La renovación de la última fase del Hôtel-Dieu de Toulouse vuelve a encender el debate sobre el color de las fachadas. Un revestimiento beige-gris, validado por la DRAC, devuelve al pabellón Baric su aspecto original mientras preserva su autenticidad. Y esto ha suscitado conversaciones en la Ville rose.
Un cambio controvertido
“¿No saben qué están haciendo? Han restaurado con ladrillos y es hermoso, y ahora van a poner un revestimiento gris…” Esta fue la reflexión publicada recientemente en redes sociales por ChaÔToulouse, experto en la restauración de piedras antiguas. En Toulouse, el ladrillo es sagrado.
Una grabación muestra el alineamiento de los ladrillos rosados del CHU de Toulouse, ahora salpicado por un toque blanco-beige a lo largo del Garona.
Fidelidad a la escritura original del edificio
El edificio Baric, construido en 1830, ha sido objeto de una restauración que respeta su identidad arquitectónica. Según el CHU, “en su origen, esta parte de las fachadas del Hôtel-Dieu ya había sido tratada con revestimiento, que se había degradado con el tiempo”. La decisión fue conservar este revestimiento, que ha sido completamente renovado, para mantener la fidelidad a la escritura inicial del edificio.
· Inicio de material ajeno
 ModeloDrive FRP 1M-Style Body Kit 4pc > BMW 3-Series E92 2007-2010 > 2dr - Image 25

Una intervención meticulosa
Para encontrar el color correcto, el trabajo no fue al azar. “La empresa encargada de la restauración propuso varias muestras para probar diferentes tonos, texturas y tratamientos de superficie. Un arqueólogo que colabora con el CHU realizó extracciones de los restos de revestimiento del pabellón Baric para guiar a la empresa en la creación de estas muestras, empleando cal siguiendo métodos tradicionales”, explicó la dirección del centro hospitalario.
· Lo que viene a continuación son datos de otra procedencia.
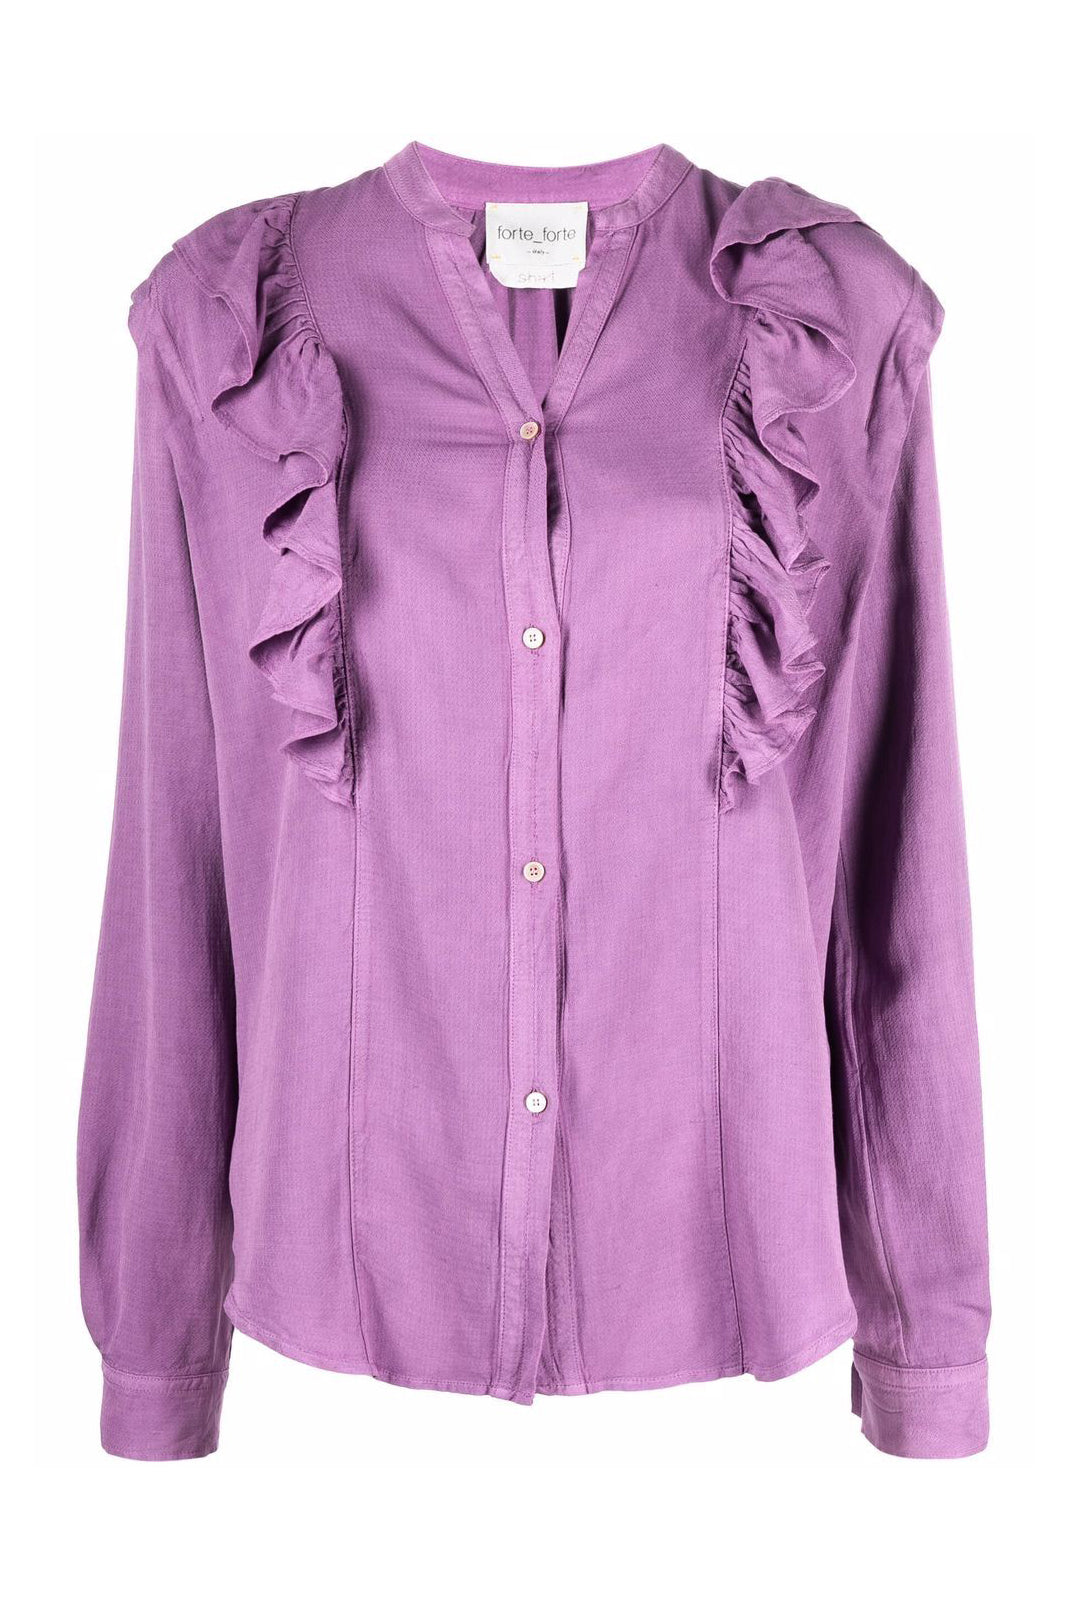 Ruffled-detail shirt, purple

La nueva tonalidad es “ligeramente beige-grisácea”, la que más se aproxima al color original. Además, para lograr una durabilidad, la textura es “intencionadamente poco granulosa para limitar la suciedad con el tiempo”, logrando un aspecto envejecido y no un acabado de cemento moderno.
Un diálogo arquitectónico
Para el CHU, “esta intervención permite conseguir una fachada acogedora, cuyo revestimiento armoniza con el rojo de los ladrillos. La pátina añade vitalidad al conjunto arquitectónico y establece un diálogo con el edificio vecino del Garona, evocando de manera sutil los efectos de luz relacionados con la proximidad del río”. Ahora queda a los Toulousains adaptarse a este nuevo paisaje.